ASSIGNMENT -> In the records below, find the line with "South America (Reference Map)", then retype it and every following line exactly, stopping after the line with "Mendocino Throw Pillow". Leave the pictures out.

DATA RECORDS ->
BEGIN
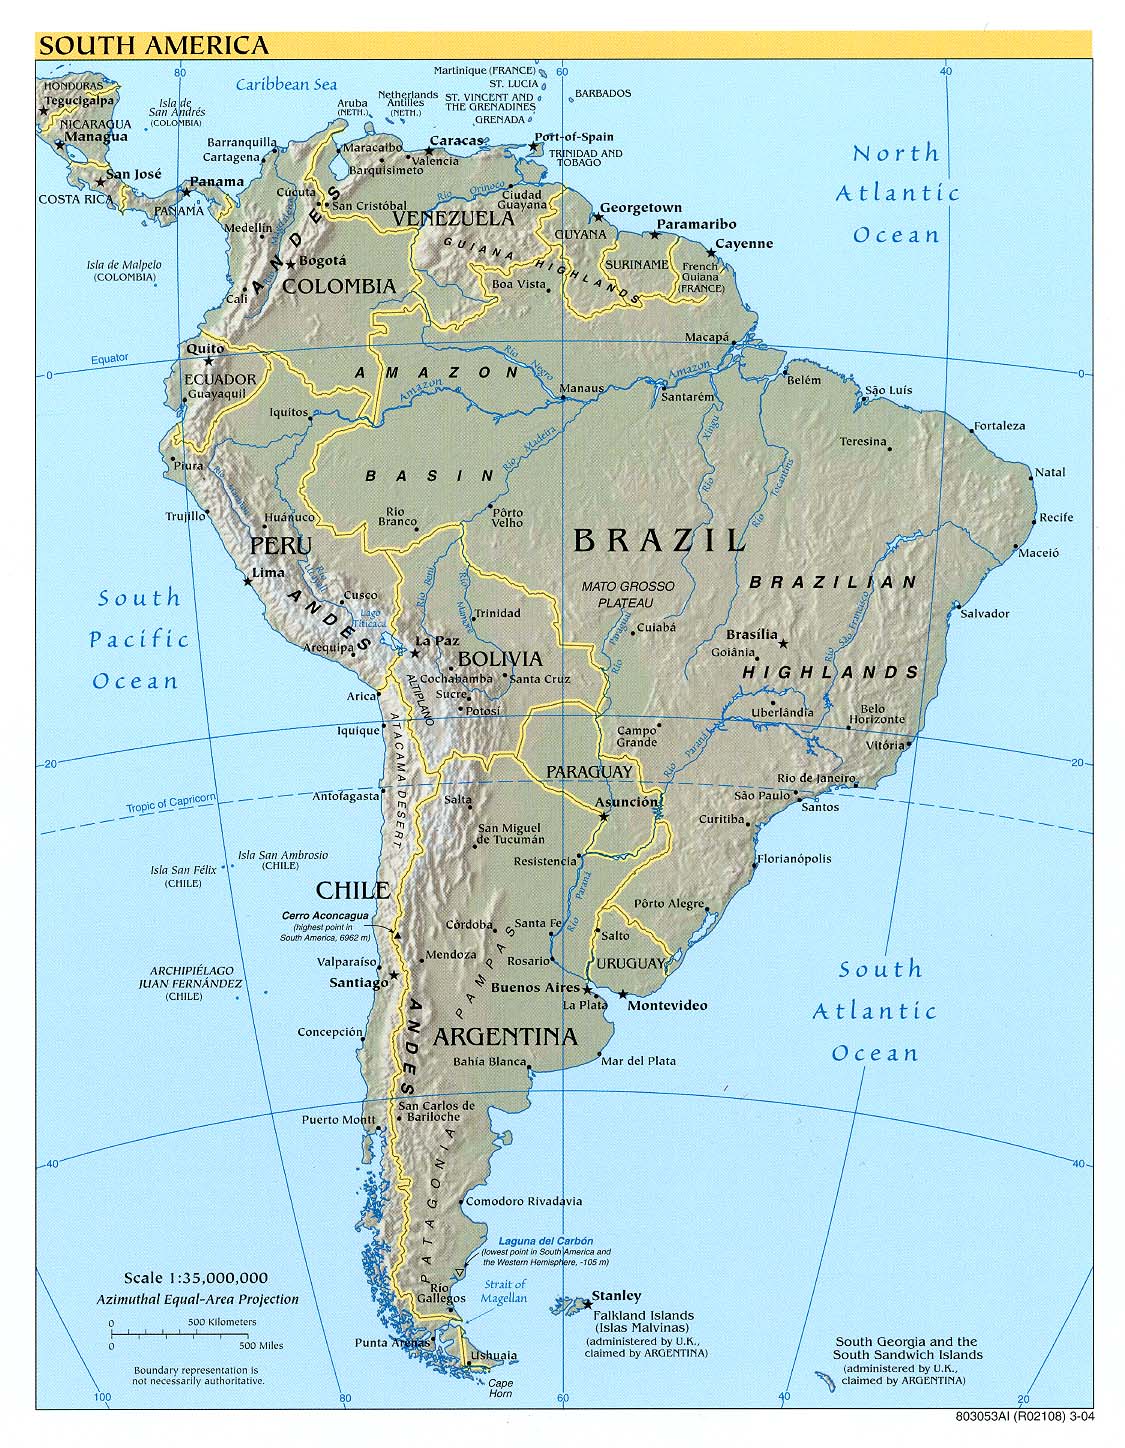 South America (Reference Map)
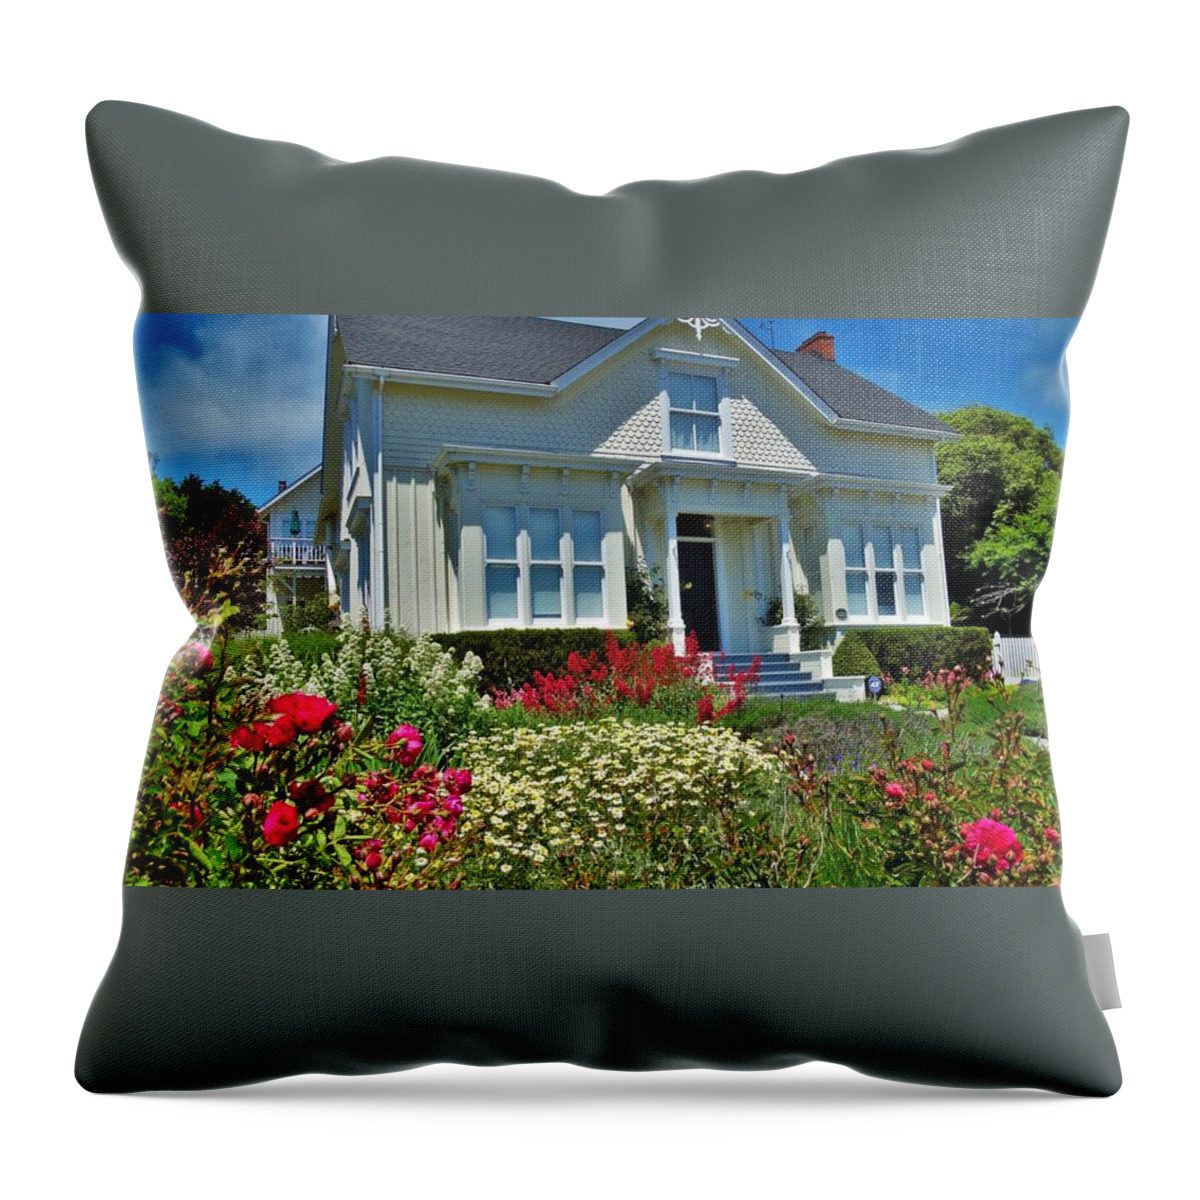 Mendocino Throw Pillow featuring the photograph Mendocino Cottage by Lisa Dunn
END
BEGIN
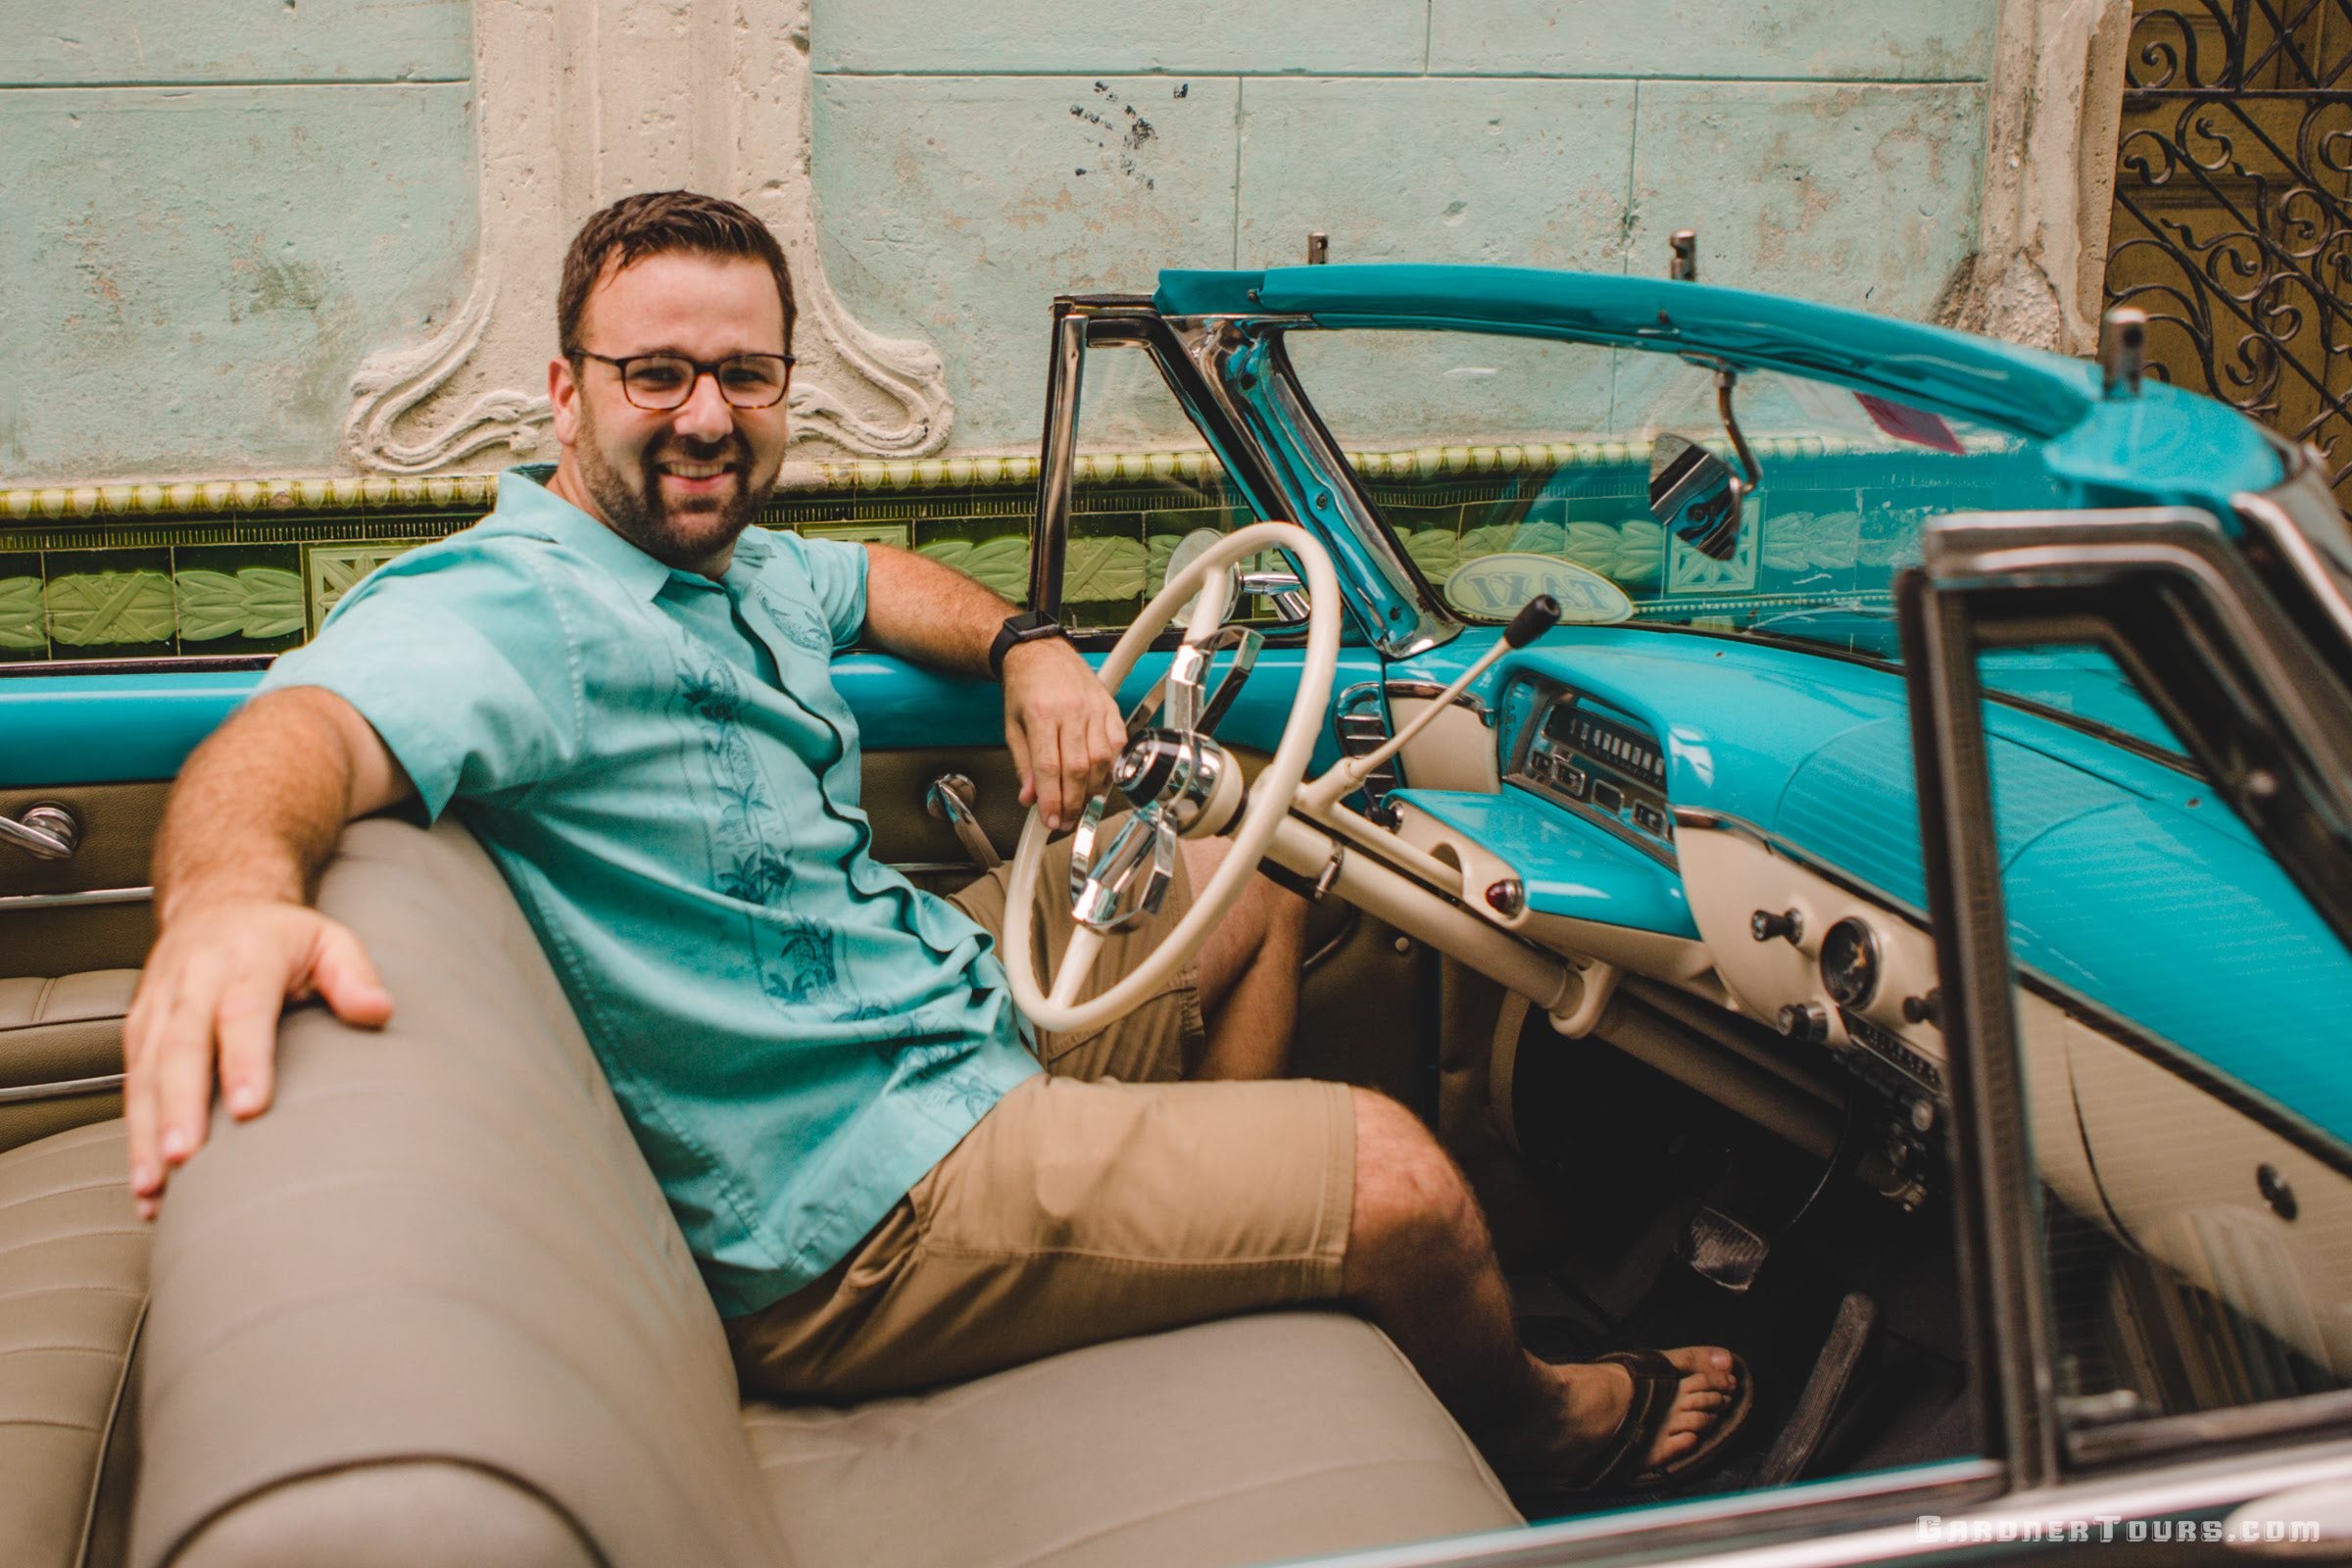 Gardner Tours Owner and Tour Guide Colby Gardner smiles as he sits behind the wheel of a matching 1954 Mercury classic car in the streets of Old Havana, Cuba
END
BEGIN
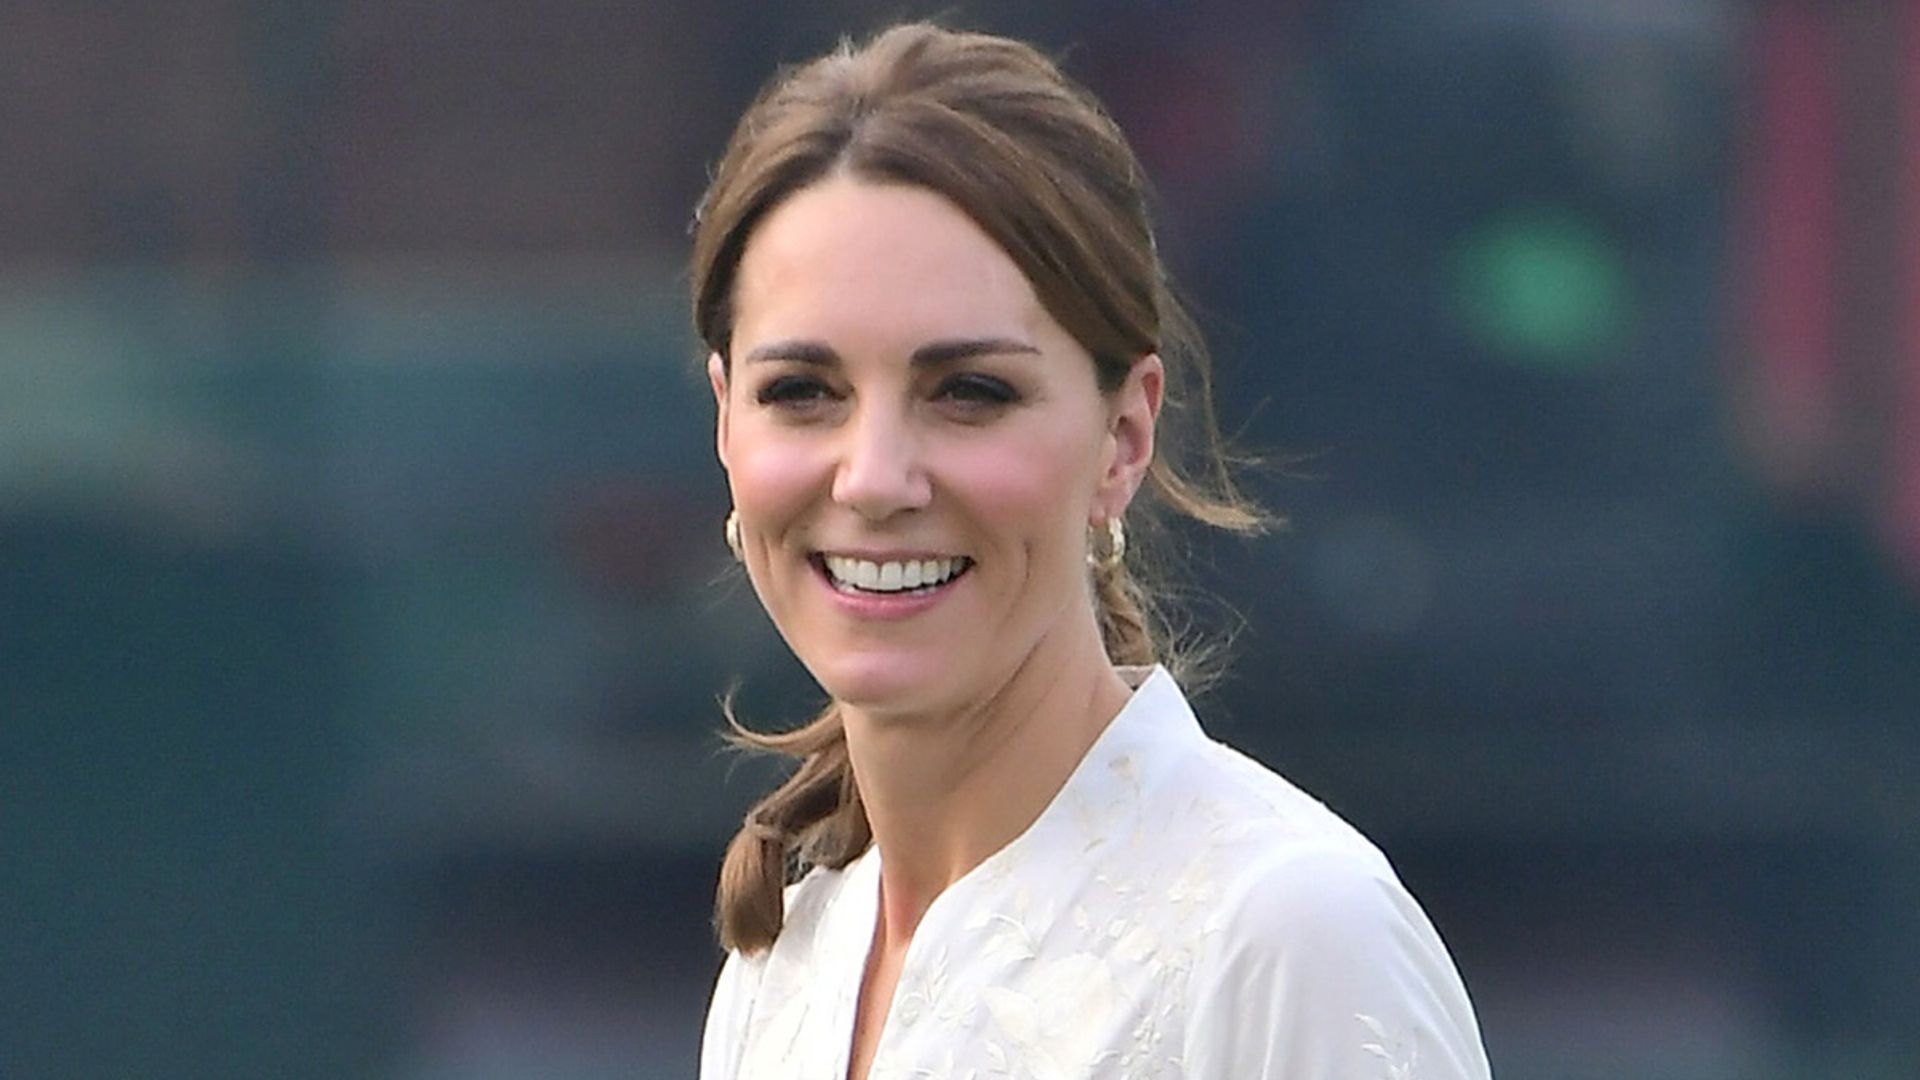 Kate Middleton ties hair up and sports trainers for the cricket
END
WRITTEN ANSWER ->
 South America (Reference Map)
 Mendocino Throw Pillow featuring the photograph Mendocino Cottage by Lisa Dunn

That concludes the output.